Supplied material:
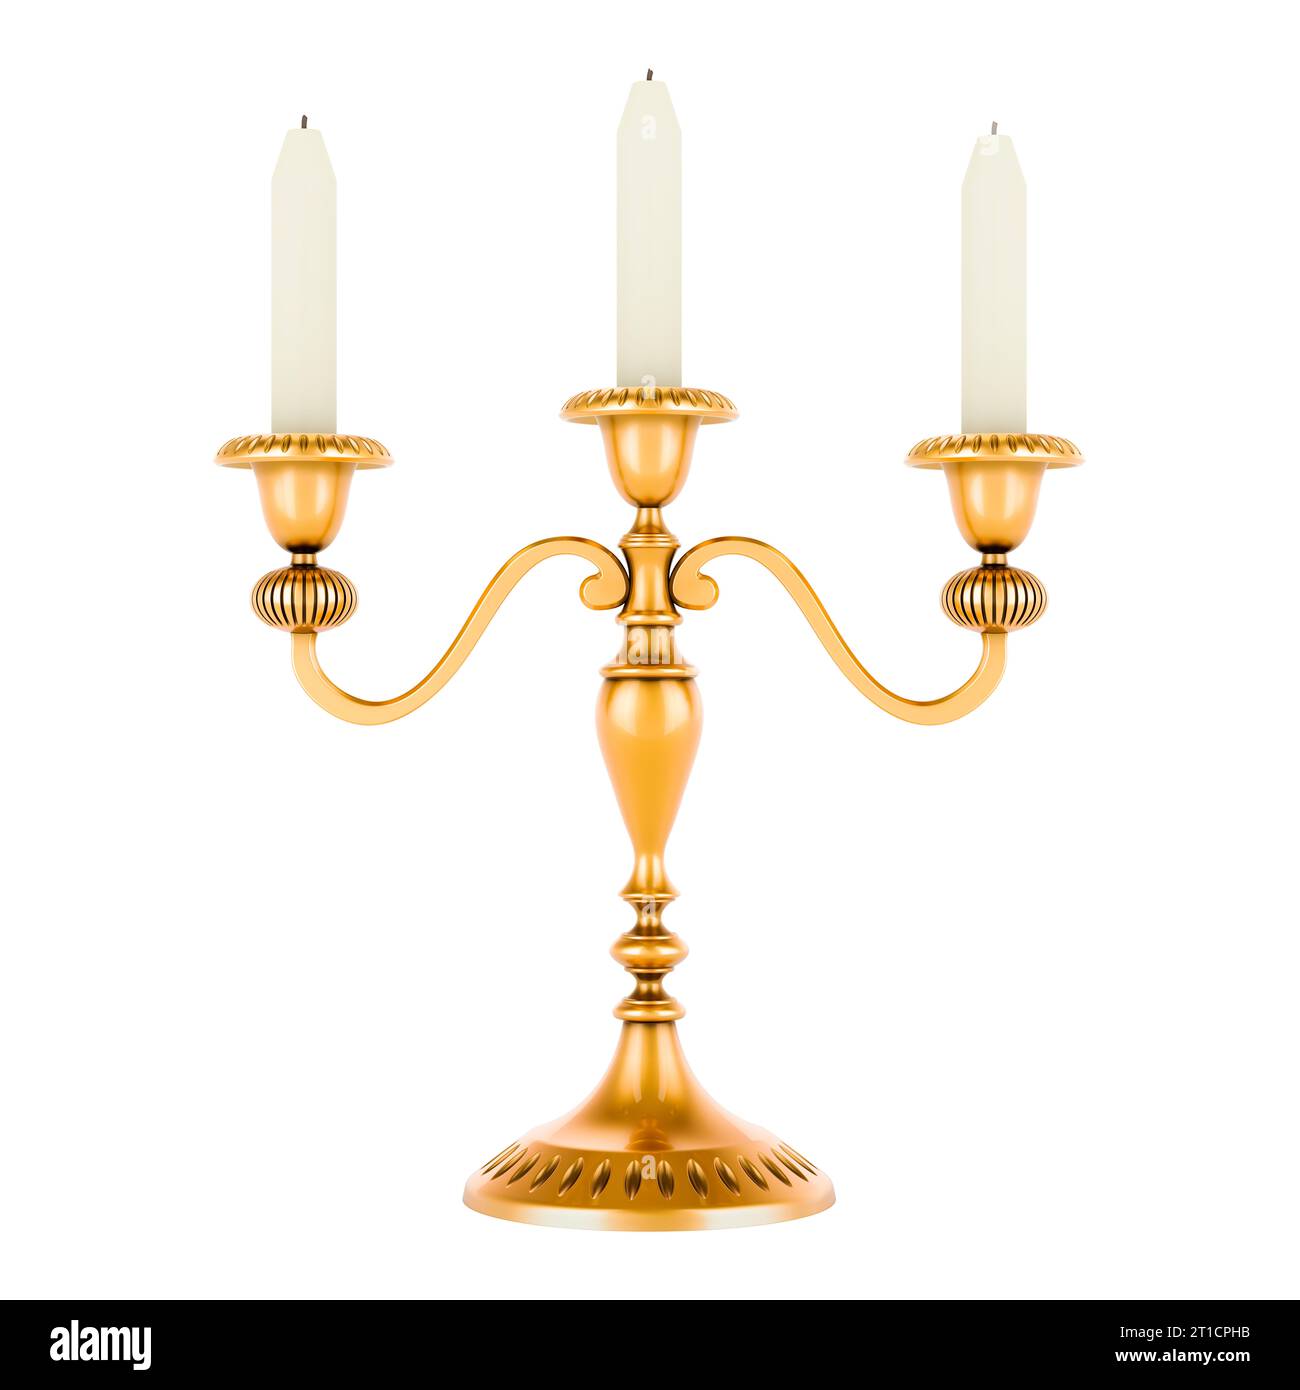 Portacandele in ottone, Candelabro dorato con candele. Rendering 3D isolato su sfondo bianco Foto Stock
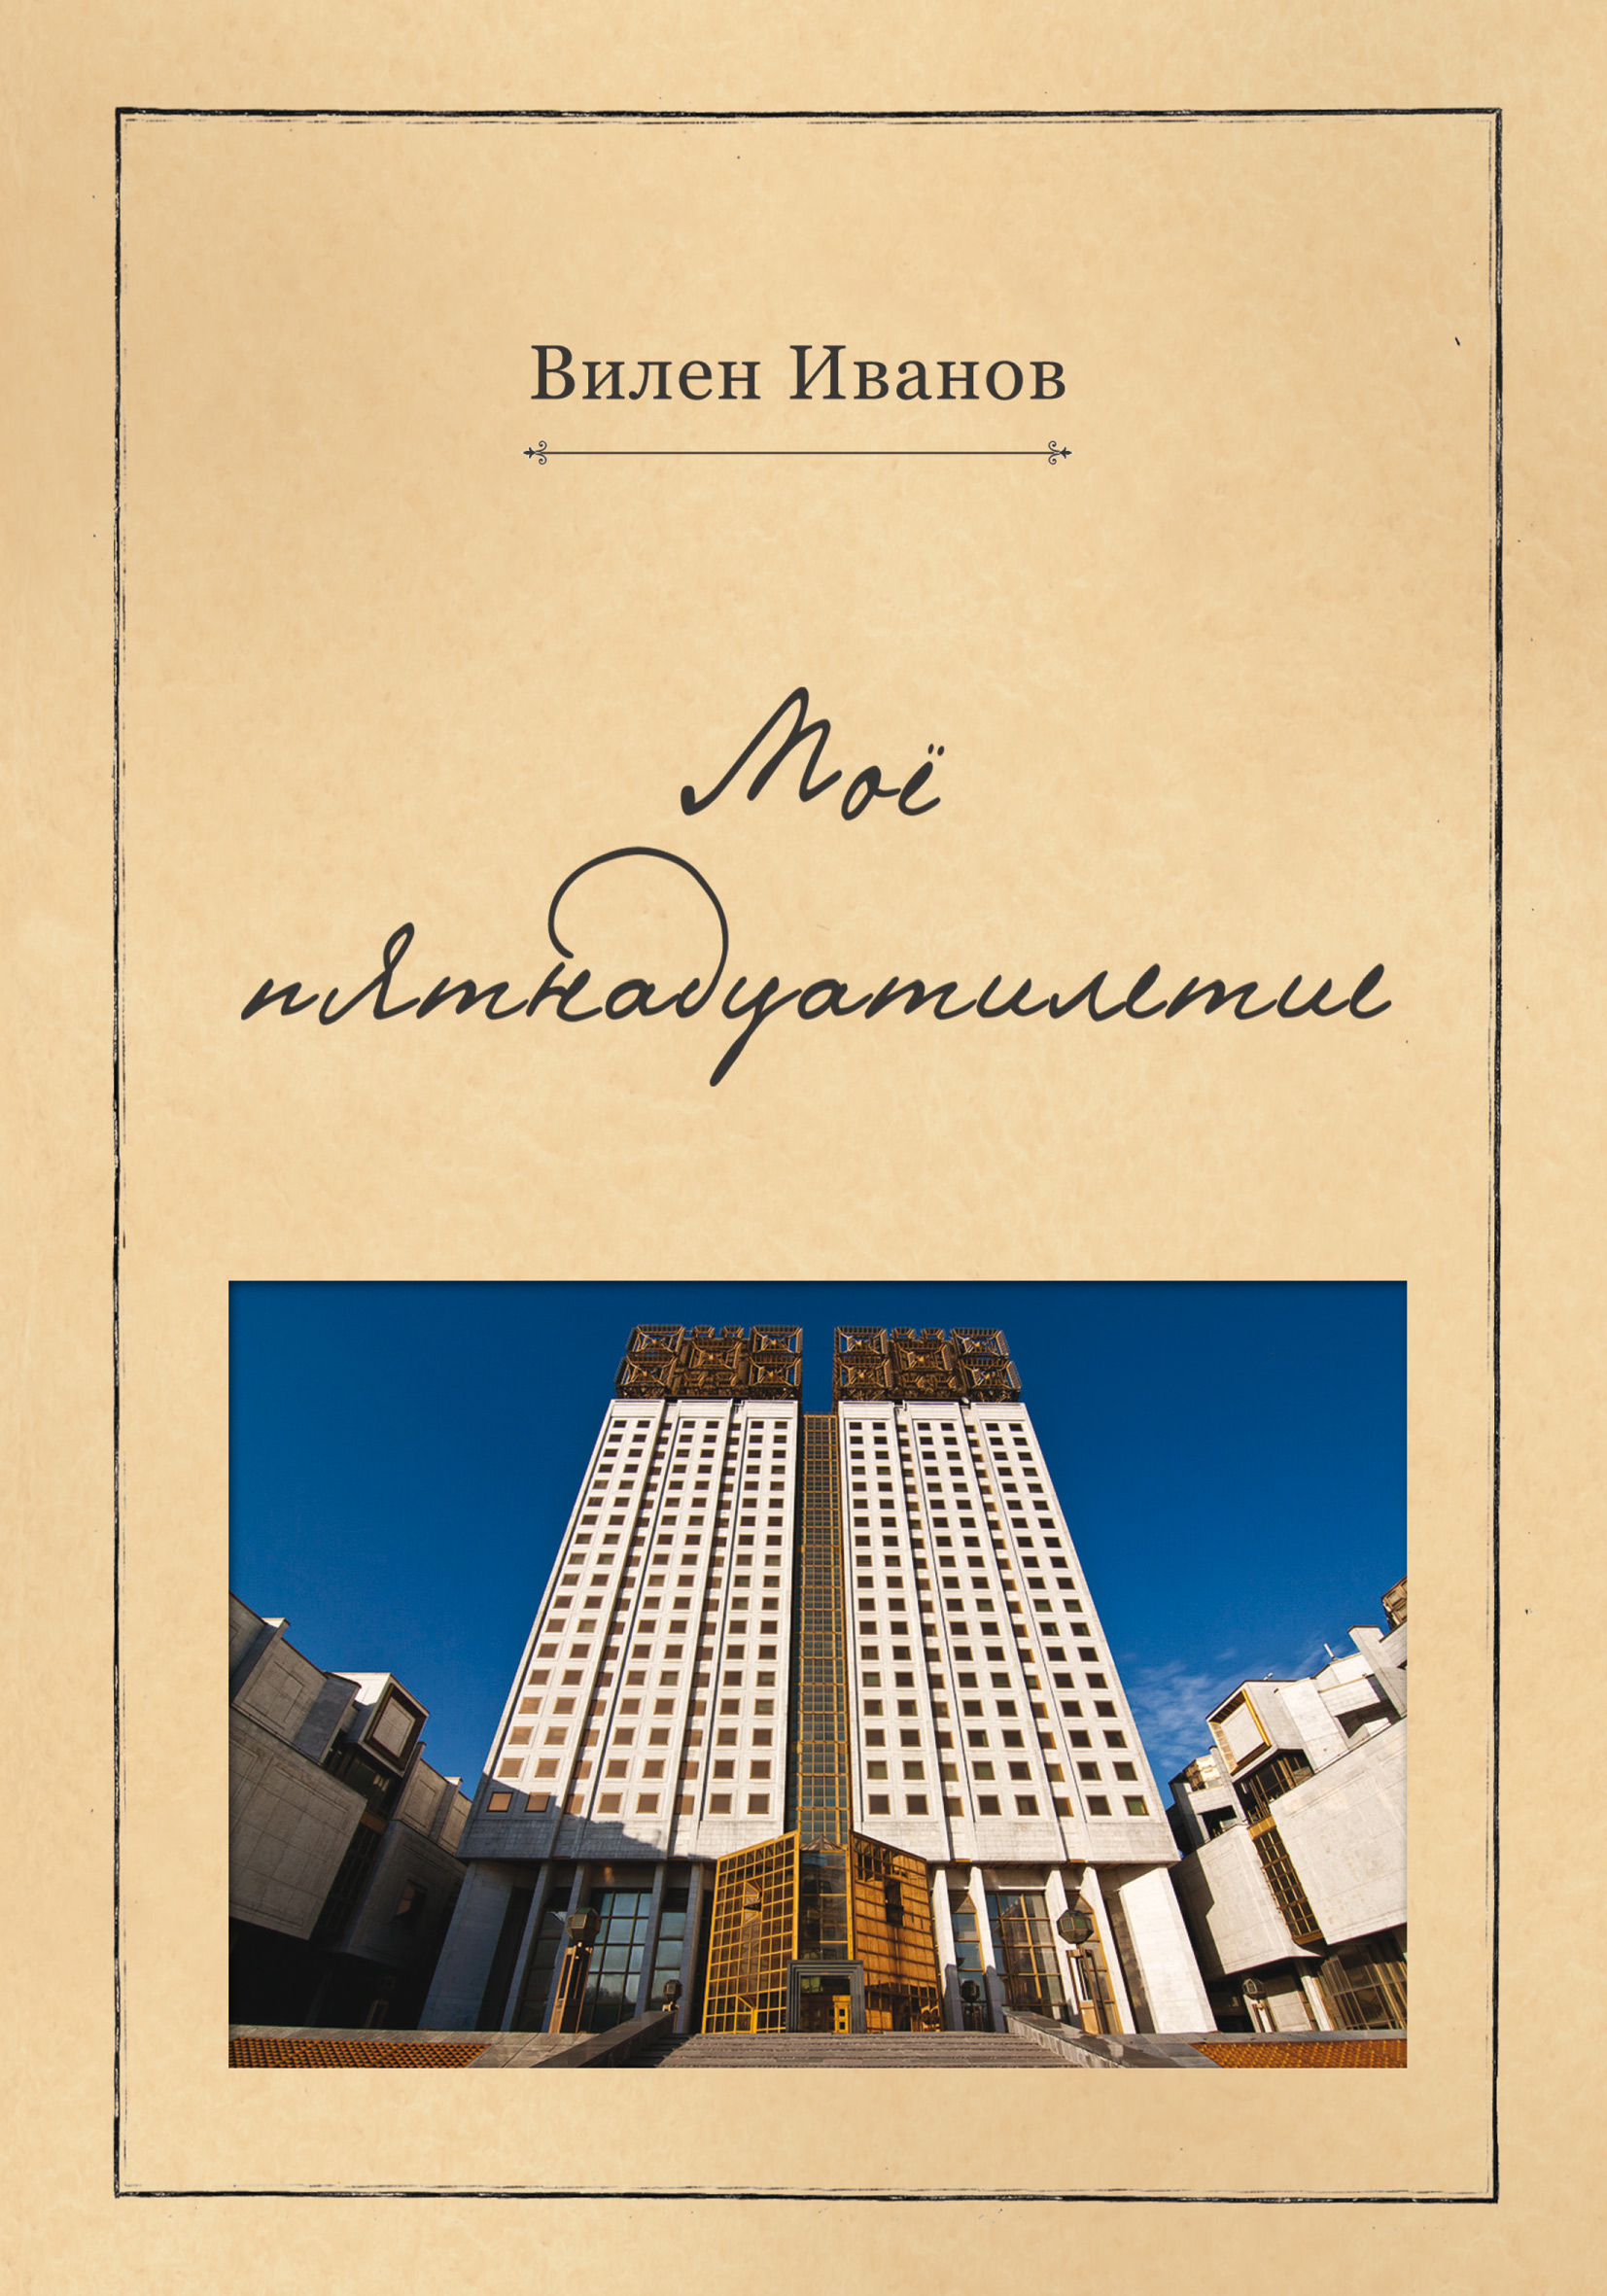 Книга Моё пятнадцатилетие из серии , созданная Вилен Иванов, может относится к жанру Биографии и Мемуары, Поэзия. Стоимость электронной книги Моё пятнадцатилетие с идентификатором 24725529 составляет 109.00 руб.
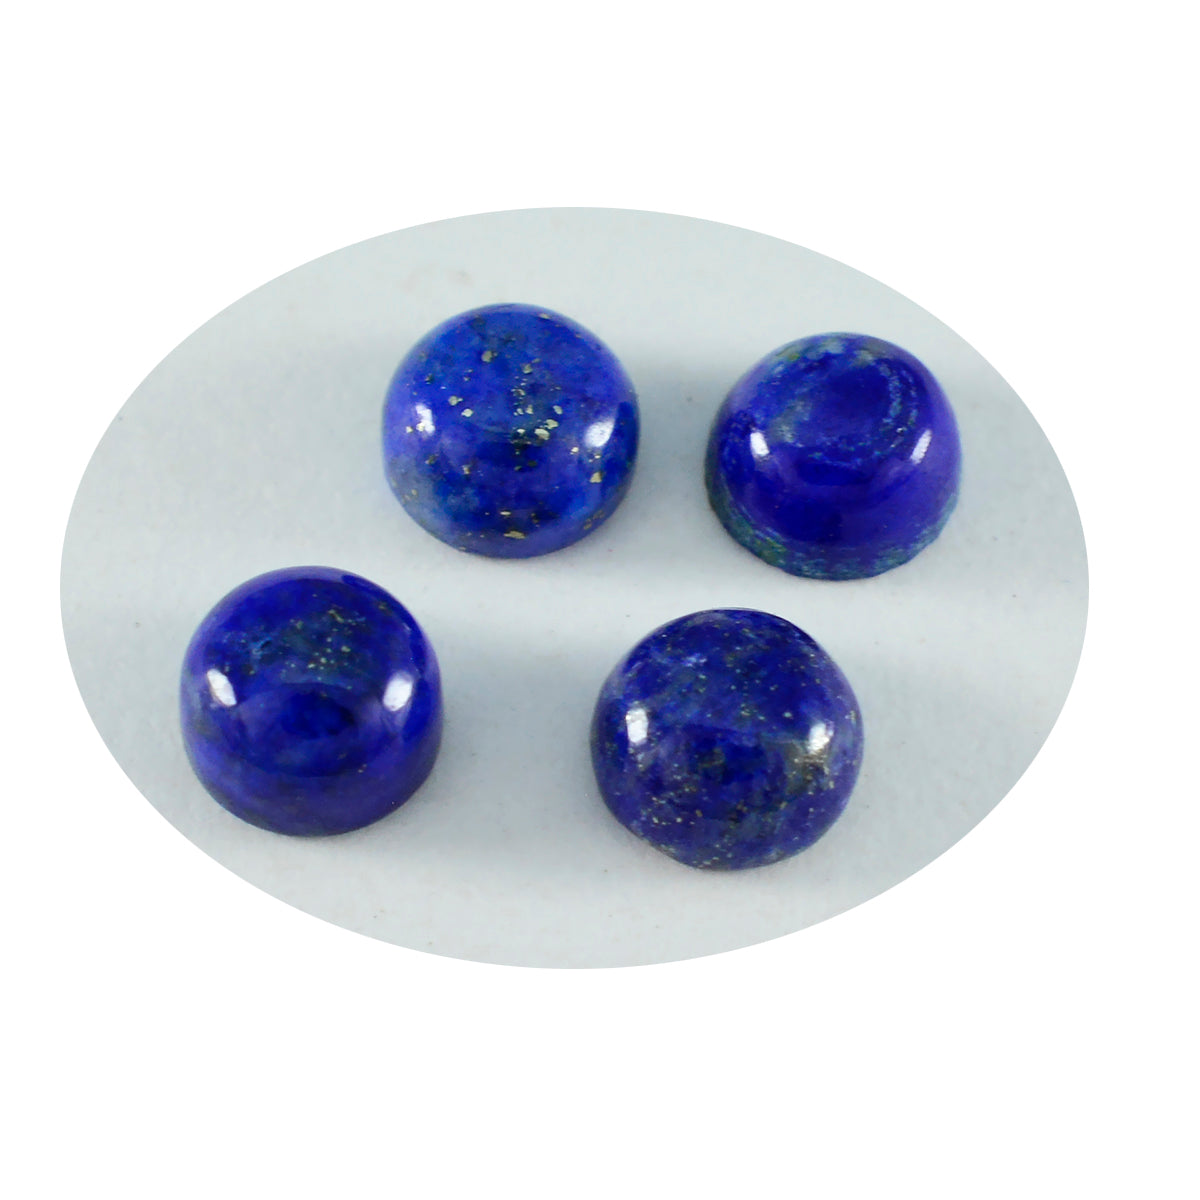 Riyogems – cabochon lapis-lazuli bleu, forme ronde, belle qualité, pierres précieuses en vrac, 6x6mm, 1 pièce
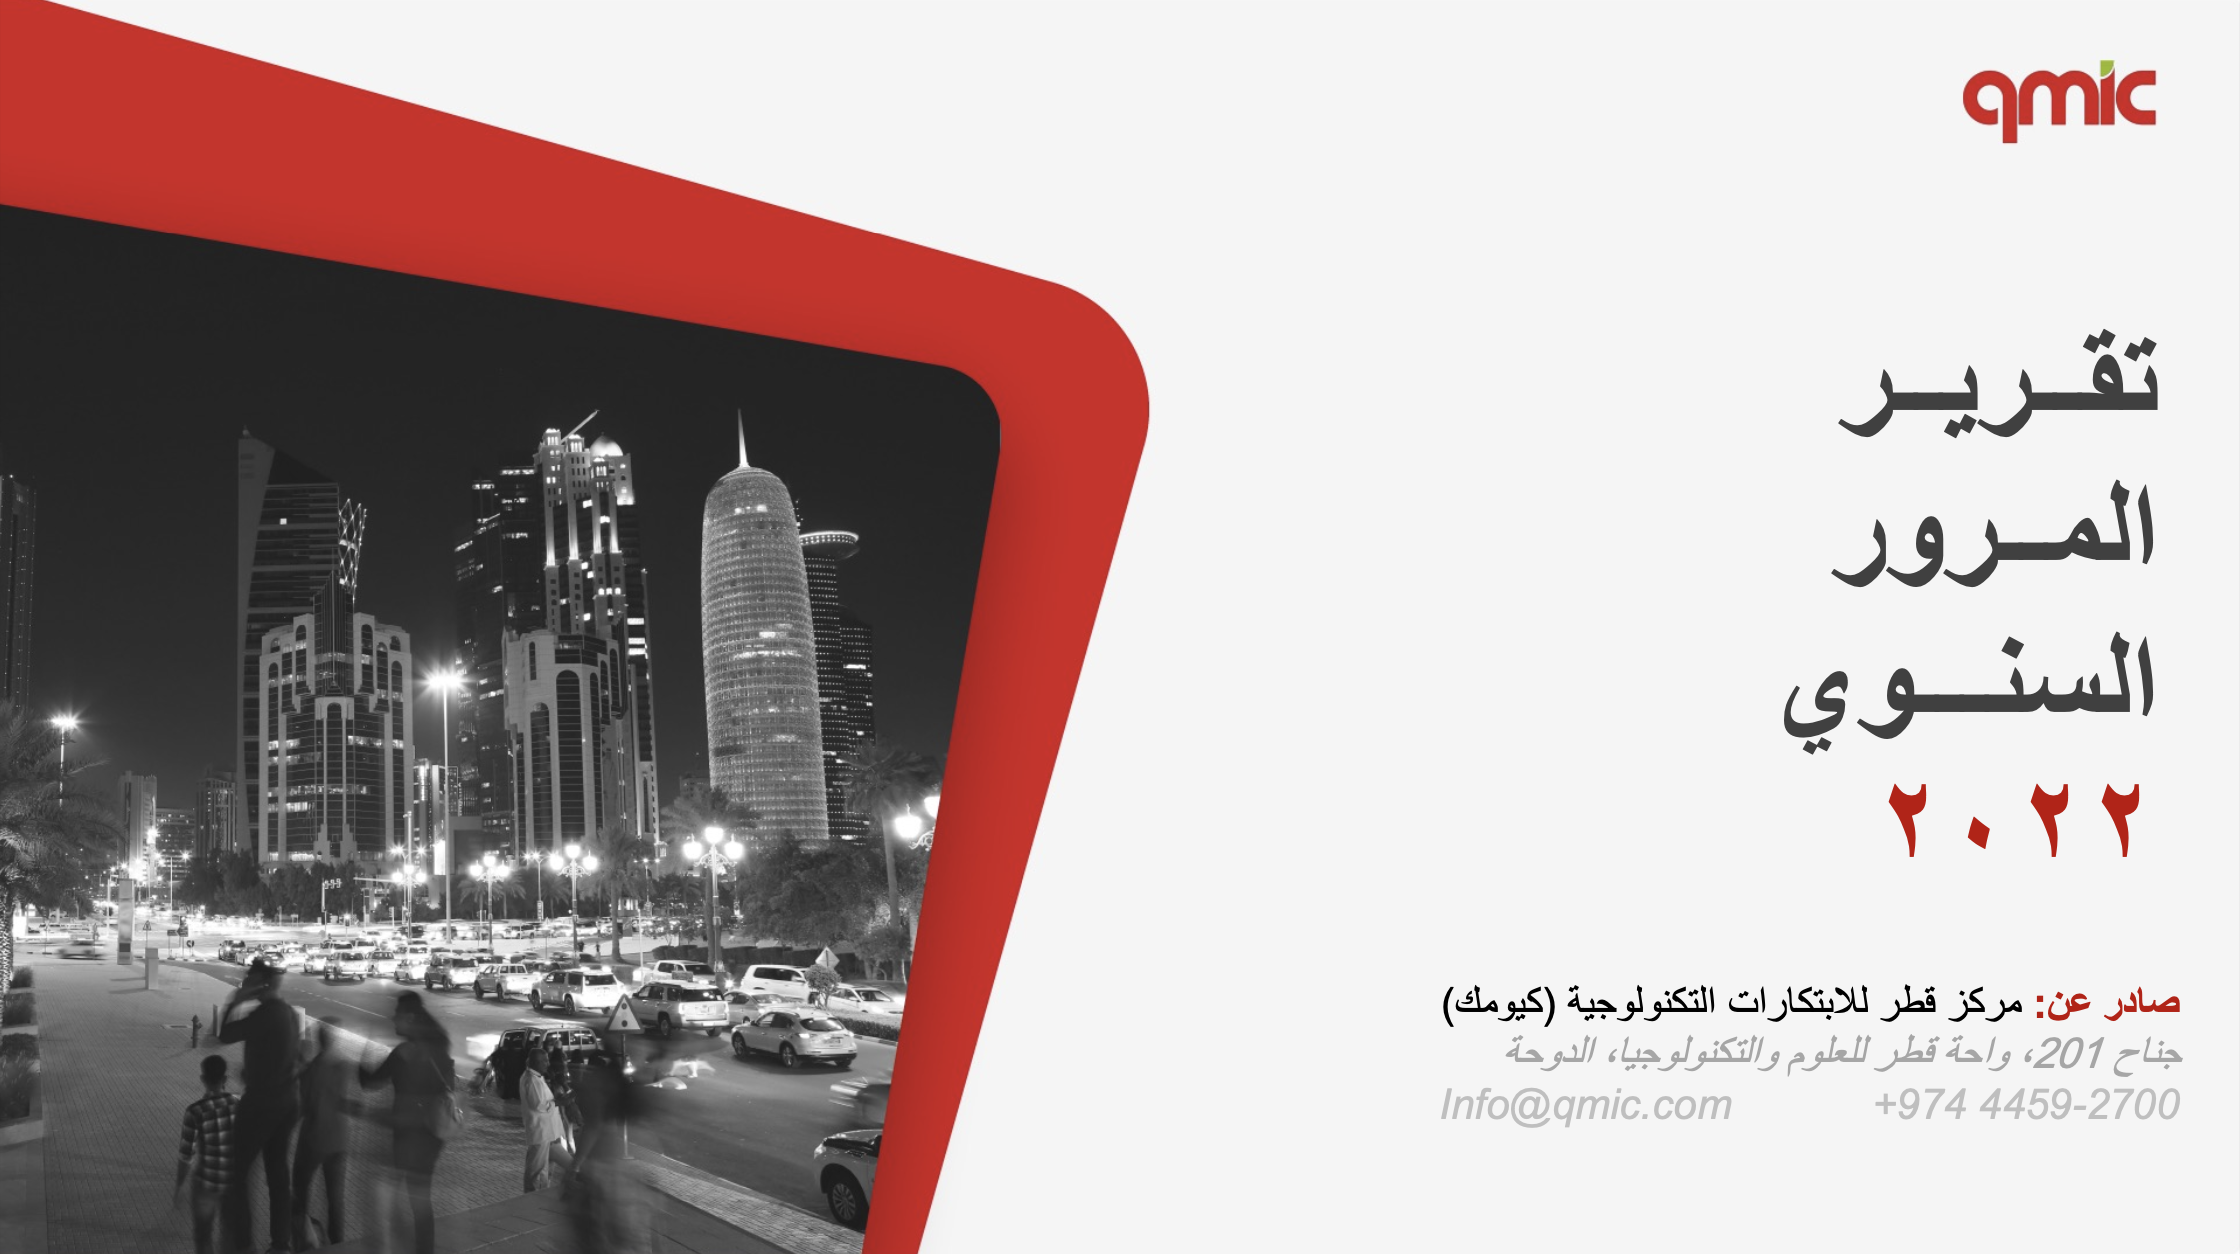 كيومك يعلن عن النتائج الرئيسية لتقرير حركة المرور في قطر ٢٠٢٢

What you will do: All of the material must be repeated exactly in the answer, apart from the pictures.

Completed task:
 Portacandele in ottone, Candelabro dorato con candele. Rendering 3D isolato su sfondo bianco Foto Stock
 Книга Моё пятнадцатилетие из серии , созданная Вилен Иванов, может относится к жанру Биографии и Мемуары, Поэзия. Стоимость электронной книги Моё пятнадцатилетие с идентификатором 24725529 составляет 109.00 руб.
 Riyogems – cabochon lapis-lazuli bleu, forme ronde, belle qualité, pierres précieuses en vrac, 6x6mm, 1 pièce
 كيومك يعلن عن النتائج الرئيسية لتقرير حركة المرور في قطر ٢٠٢٢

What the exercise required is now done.